After the above adjustment, the sample 5 is introduced into the container 4 and heated by the heating furnace 3. As mentioned above, the sample balance beam 1 is tilted due to the weight loss of the sample caused by heating and the elongation of the balance beam length l. A current i flows through the yield back coil 7. On the other hand, on the reference side, the reference balance beam 2 is tilted due to the elongation of the beam length l due to heating, and a current i' similarly flows. The variable amplification differential amplifier 13 first outputs the balance output i on the sample side.
The sample-side balance output (i-i') is set by subtracting the reference-side balance output i' from the reference-side balance output (i-i'), which cancels the drift, and is further amplified by the functions of 13 and 14 in accordance with the reference-side balance output i. l/(l+
Δl) times] and the final output is output to the recorder 15.
recorded in

In this invention, the amplification factor variable differential amplifier 13
It may be an analog amplifier or a microcomputer, as long as it has at least the differential function and control function as described above.
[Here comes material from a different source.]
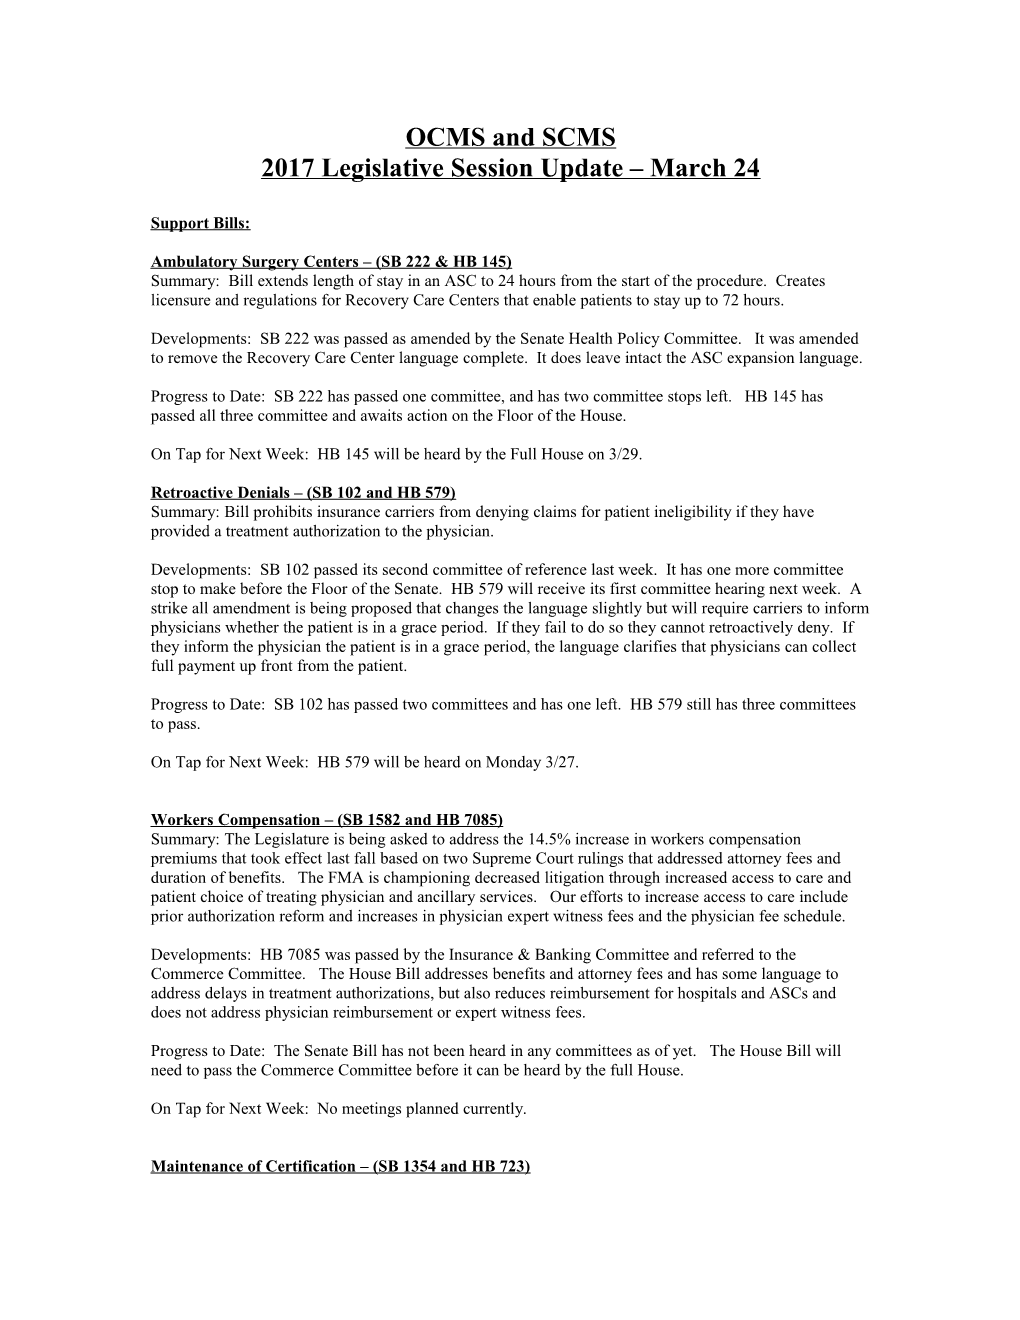 2017 Legislative Session Update March 24

Note that it is preferable to use a microcomputer because it eliminates the need for a control input setting device such as the function generator 14 and simplifies the circuit.

The differential thermobalance of this invention eliminates the influence on measured values due to the expansion of the balance beam during sample heating, which is the biggest problem with horizontal thermobalances, reducing measurement errors and requiring high precision and accuracy. It can be suitably used for measurements that are carried out.

[Brief explanation of drawings]

FIG. 1 is a schematic diagram showing an example of a conventional horizontal type differential thermal balance. FIG. 2 is a schematic diagram showing a specific example of the differential thermal balance of the present invention. 1... Balance beam for sample, 2... Balance beam for reference, 3... Heating furnace, 4... Container, 5... Sample,
6... Counterweight, 7... Feedback coil, 8... Lamp, 9... Shutter, 1
0...Photo cell, 11...Power amplifier, 1
2, 12'...Current measuring section, 13...Variable gain amplifier, 14...Function generator, 15...Recorder, 16...Carrier gas flow path.

Claims (1)

[Claims] 1. Two sets of balance beams of the same length, one for sample and one for reference, are inserted into one heating furnace and the difference in the output of these two sets of balances is taken to cancel the drift and change the weight of the sample. In a horizontal type differential thermal balance that continuously measures : l/l+Δl (In the formula, l is the balance beam length, and Δl is the increase in the balance beam length during temperature rise determined by the balance output on the reference side). A differential thermal balance, characterized in that it is configured to correct balance sensitivity.